Fans Favor Internet for McCartney Seats
The ex-Beatle's first show in Des Moines sold out in just over an hour, with over 80% of tickets sold online.

4/26/05
By KYLE MUNSON
REGISTER MUSIC CRITIC

The personal computer trounced the long and winding road to the box office Monday as the preferred method of buying Paul McCartney tickets.

About 15,500 tickets went up for sale at 10 a.m. Monday for McCartney's first concert in Des Moines, scheduled for Oct. 27 at the new Wells Fargo Arena at the Iowa Events Center.

The tickets disappeared in little more than an hour, and more than 80 percent of them were purchased online - a sign that fans who camp out for nights in advance to secure a prime spot in line are a dying breed, replaced by Internet geeks with high-speed hookups.

The Veterans Memorial Auditorium box office, with its six ticket windows, was the only brick-and-mortar ticket outlet Monday, where 200 or so fans were lined up by 10 a.m.

"This may be my only chance to see (McCartney), really, ever," was how Jeff Odegaard of Granger described his motivation as he took his place in line around 9:30 a.m. Monday.
Nearly all those in line were able to buy at least one ticket, but that wasn't enough for several people near the back. About 10:45, an announcement over the auditorium loudspeaker said that only single seats were available. Some people walked away.
Ticket-buying has changed radically since the heyday of Veterans Memorial Auditorium.

"In the '80s, the (ticket) outlets were definitely the largest (share), then in the '90s, it shifted," said longtime Des Moines concert promoter Steve White.
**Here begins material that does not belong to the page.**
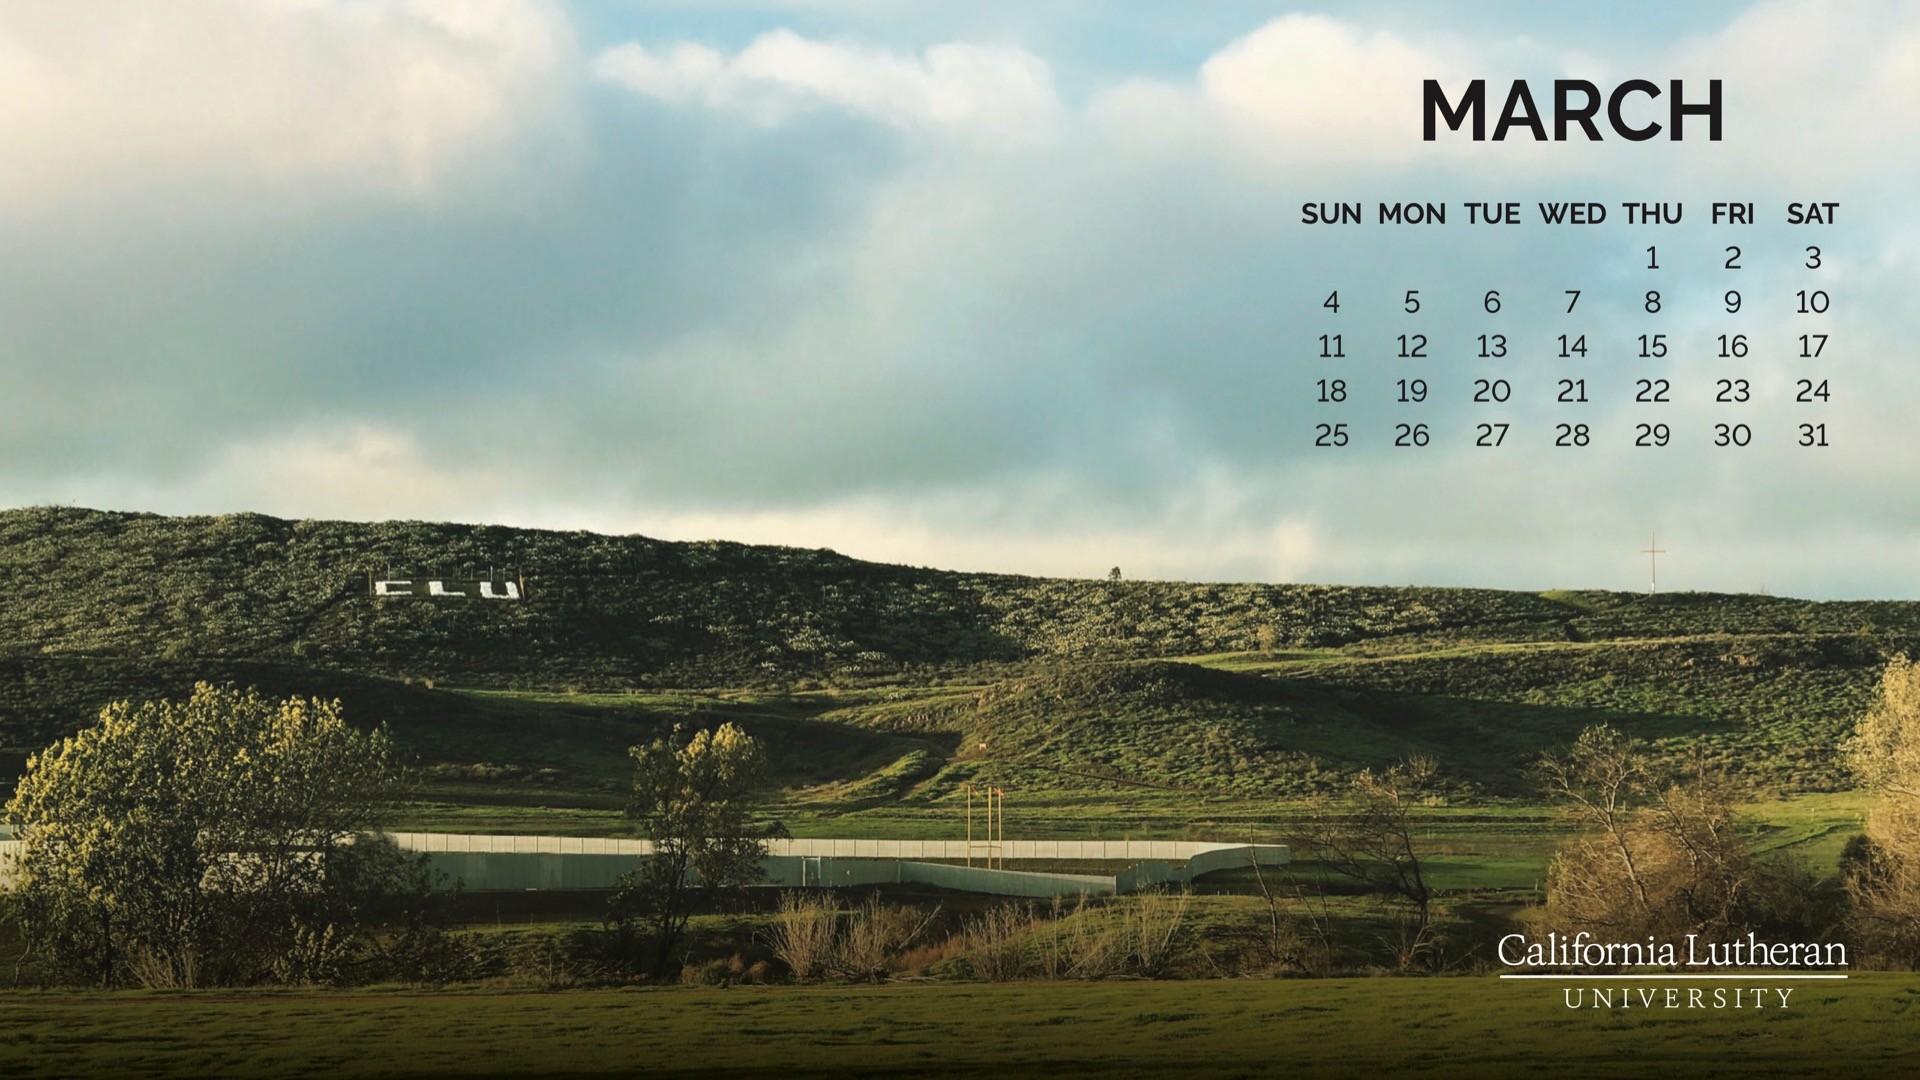 desktop wallpapers calendar march 2018 44 images

By the mid-'90s, phone sales dominated, supplanted today by the Internet.

It's this trend toward online ticket-buying that allowed the Events Center to sell McCartney tickets using its own system, through www.iowaeventscenter .com as well as a phone number, rather than the industry's standard ticketing service, Ticketmaster. Thousands were able to access the Events Center's Web site simultaneously, while a call center outside Des Moines was staffed with as many as 100 phone operators.

Events Center officials declared a sellout shortly after 11 a.m., although scattered seats were still being sold until nearly 11:30. No additional seats will be available until the day of the concert, when last-minute adjustments might - might - lead to more tickets for the public.

Fans who participated in the old-fashioned vigil at the auditorium for McCartney said that they whiled away the hours with catnaps, traffic-watching and pizza orders via cell phone. Sunday night chilled them to the bone.

"We had blankets, but they weren't really enough," said Wayne Vairo of Chariton.

Erica Hegstrom of Bouton, who was second in line and walked away from the box office with a smile and two seats in the eighth row, said, "These last four hours have been the worst."

In front of Hegstrom was Jeff Bappe , 30, of Ames. The first fan in line - made all the more obvious by the swarm of TV cameras that tracked every second of his historic purchase - purchased the first eight tickets (more than $1,400 worth, for the front row) sold for Des Moines' new $217 million arena, scheduled to open in July.

Bappe was a high school freshman in 1990 when McCartney performed at Cyclone (now Jack Trice) Stadium in Ames. The young Beatlemaniac had to play a baseball game instead of attend the concert that night in July, and just as Bappe was walking off the diamond he could hear McCartney's band fire up for the first song. It was that twinge of teenage regret that inspired Bappe to line up at 5:30 a.m. Saturday morning and camp out for two nights in the cold.

It was a tame scene at the box office Monday morning - no jostling, shouting or scuffles. KGGO-FM (94.9) gave away a pair of tickets, and somebody was handing out free doughnuts.

Not that everybody walked away happy. The most common bummer cited by fans was that they weren't able to specify a section of the arena when buying, only one of three price levels. The computer determined "best available" seats for each of them.

When asked if she was satisfied with her seats in the balcony, Jessica Urbina of Urbandale replied, "Not really," while glancing from her tickets to a seating chart posted on the wall.

Kent Ehrhardt of Urbandale, after he walked away from the box office empty-handed, said, "I ain't gonna spend $177 for tickets where you don't know where they're going to be."

The most common complaint among online buyers had to do with the cumbersome series of screens required to click through before reaching a ticket-sales page. And one of the screens left many potential buyers thinking that they were supposed to enter a "promo- tion code" that they didn't have.

The eight-ticket limit on every ticket purchase was an effort to discourage scalpers. Events Center officials said that because they were establishing their new ticketing system, no other overt scalping safeguards were in place, but would be in the future.

The Events Center seemed to get what it wanted Monday: a quick sellout for its first big show (at least to be announced, as the first actual event in Wells Fargo Arena remains a mystery).

"I don't remember the last show I saw at Vets," said Doug Winters of Indianola, who has traveled as far as North Carolina to attend a McCartney concert and was third in line Monday. One new arena and a Beatle later, Winters is back in downtown Des Moines.